To a solution of borane-tetrahydrofuran complex (80 ml IM in THF, 80 mmol) in dry THF (240 ml) was added slowly bis(2-cyanoethyl)-poly(tetrahydrofuran) of Example 4 (20.00 g, 9.5 mmol) dissolved in dry THF (160 ml) at 0° C. The solution was stirred for 30 min at 0° C., after which it was heated to reflux for 4 h.
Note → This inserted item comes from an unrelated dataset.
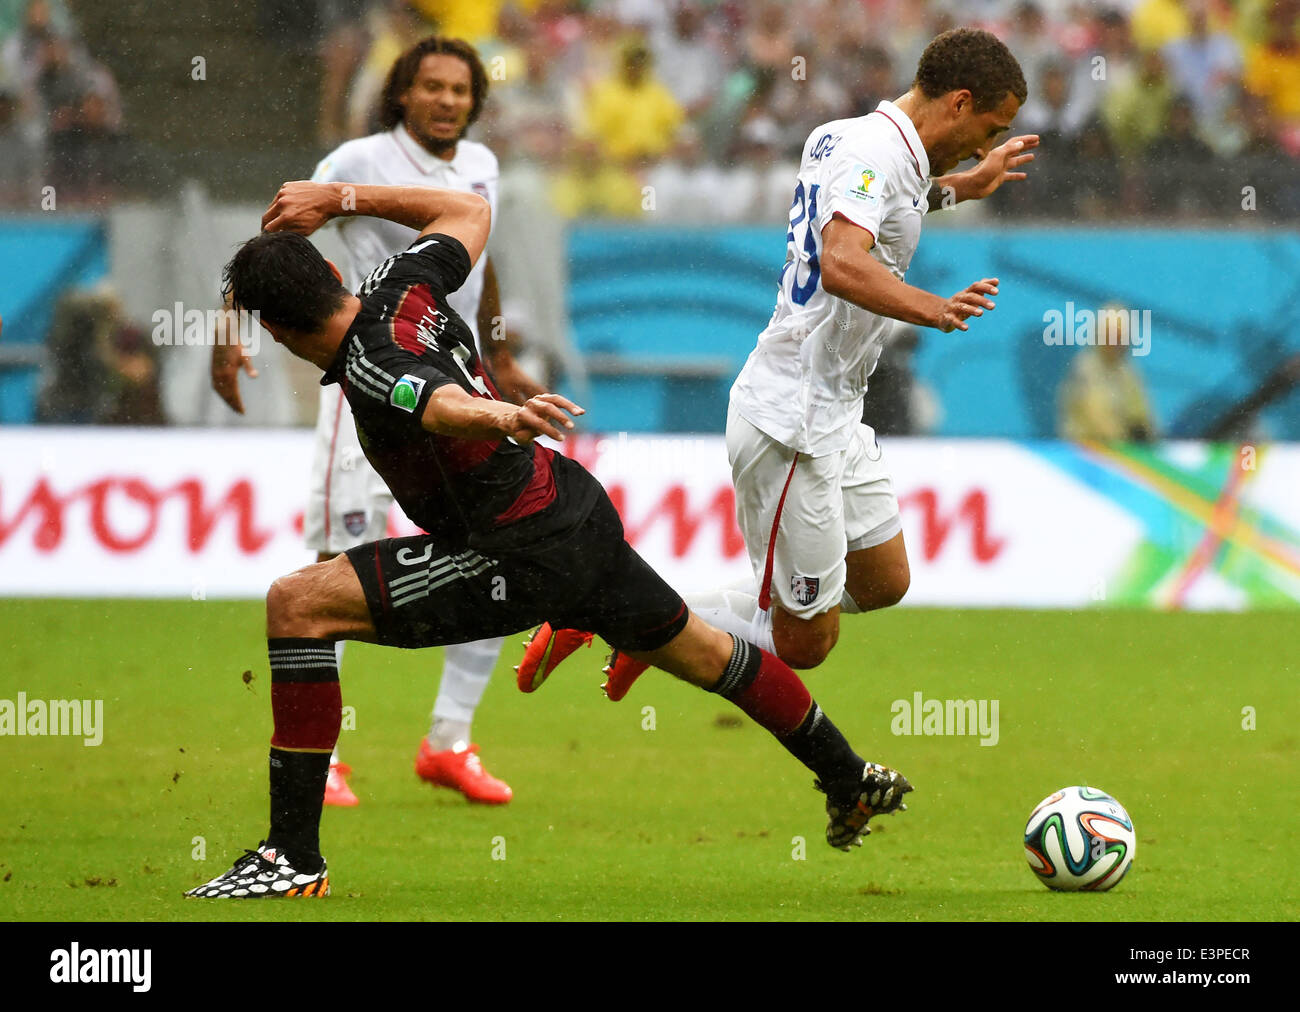 Recife, Brazil. 26th June, 2014. Germany's Mats Hummels (L, front) vies with Fabian Johnson of the U.S. (R, front) during a Group G match between the U.S. and Germany of 2014 FIFA World Cup at the Arena Pernambuco Stadium in Recife, Brazil, on June 26, 2014. Credit:  Guo Yong/Xinhua/Alamy Live News Stock Photo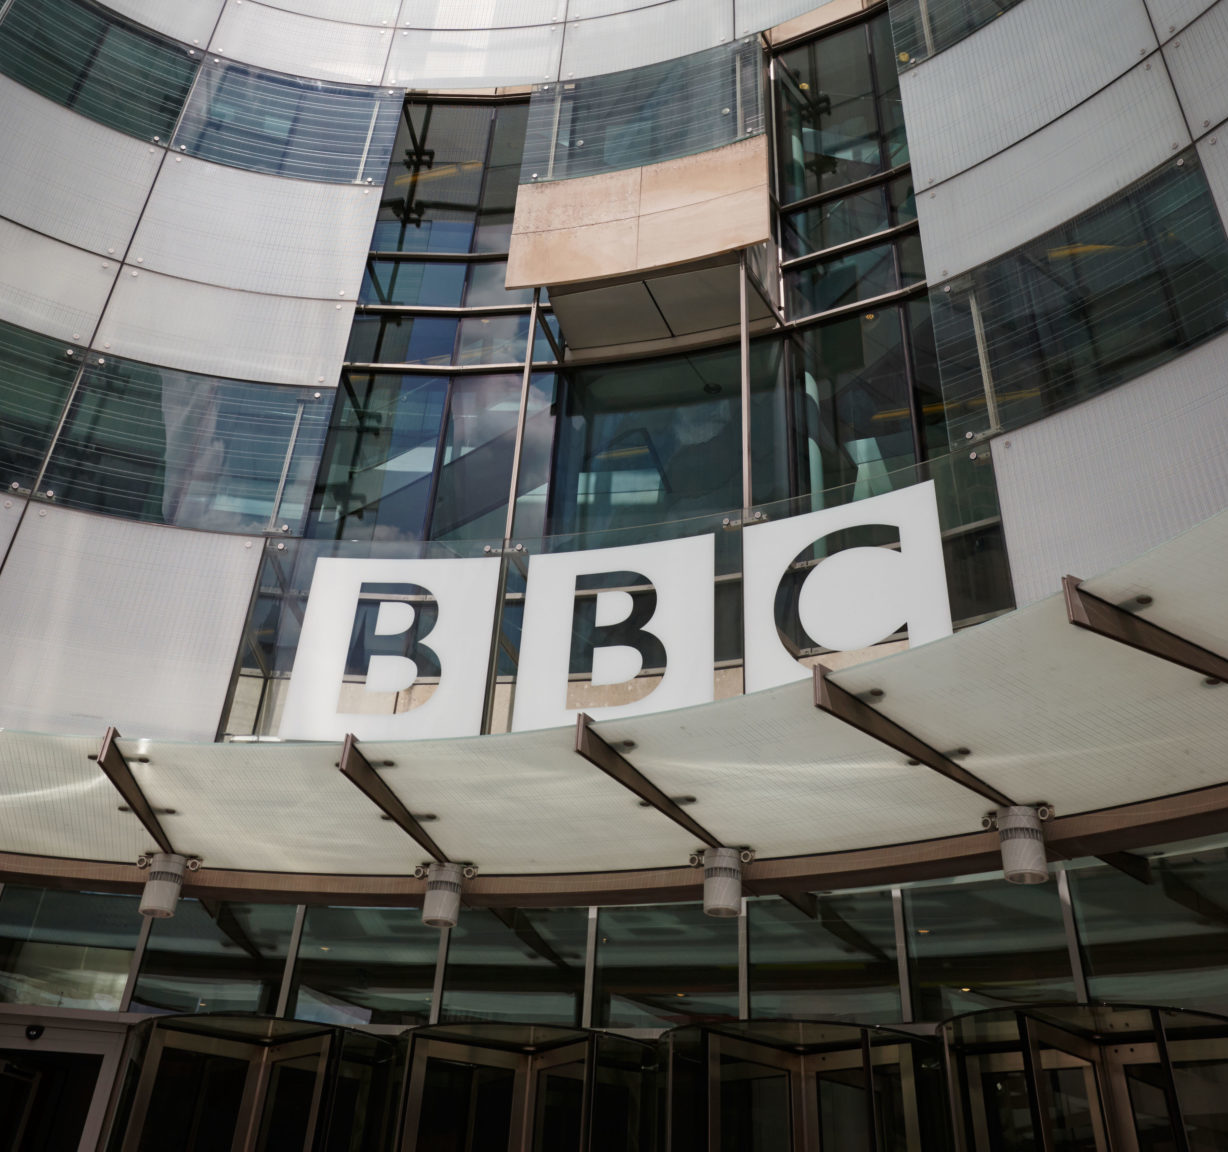 BBC's Broadcasting House is seen in London, England in July 2013.

The reaction mixture was cooled to 0° C., and methanol (80 ml) was added dropwise. (Be careful: hydrogen-gas evolution). Hydrochloric acid (4 ml, 37% in water) was added slowly, and the reaction mixture was stirred for 1 h, and subsequently evaporated to dryness under reduced pressure. Trimethyl borate was removed by three coevaporations with methanol (3 times 100 ml). To the viscous liquid was added sodium hydroxide solution (150 ml, 1M in water), and this was extracted with diethyl ether (3 times 300 ml). The combined organic layers were dried with sodium sulfate, filtered, and the solvent was evaporated on a rotary evaporator without putting the flask in the water bath. During the evaporation, the polymer precipitated from the cold solution and was obtained as a white powder (18.74 g, 93%). 1H-NMR (CDCl3): δ 3.49 (t, 4H, OCH2CH2CH2NH2), 3.41 (br. t, 138H, OCH2CH2CH2CH2O main chain), 2.79 (t, 4H, CH2NH2), 1.71 (t, 4H, OCH2CH2CH2NH2), 1.62 (br. m, 142H, OCH2CH2CH2CH2O main chain), 1.1 (br. s, 4H, NH2). 13C-NMR (CDCl3): δ 70.5 (OCH2CH2CH2CH2O main chain), 68.8 (OCH2CH2CH2NH2), 39.7 (CH2NH2), 33.6 (OCH2CH2CH2NH2), 26.4 (OCH2CH2CH2CH2O main chain). FT-IR (ATR): ν 3564, 3539, 2941, 2862, 1492, 1372, 1107, 996 cm−1. MALDI-TOF [M+Na+]=Calcd. 155.1+n*72.0 Da. Obsd. 155.9+n*72.0 Da. SEC (phenyl urea derivative): Mn=3769 g/mol, PDI=1.5. Mn according to 1H NMR: 2500 g/mol.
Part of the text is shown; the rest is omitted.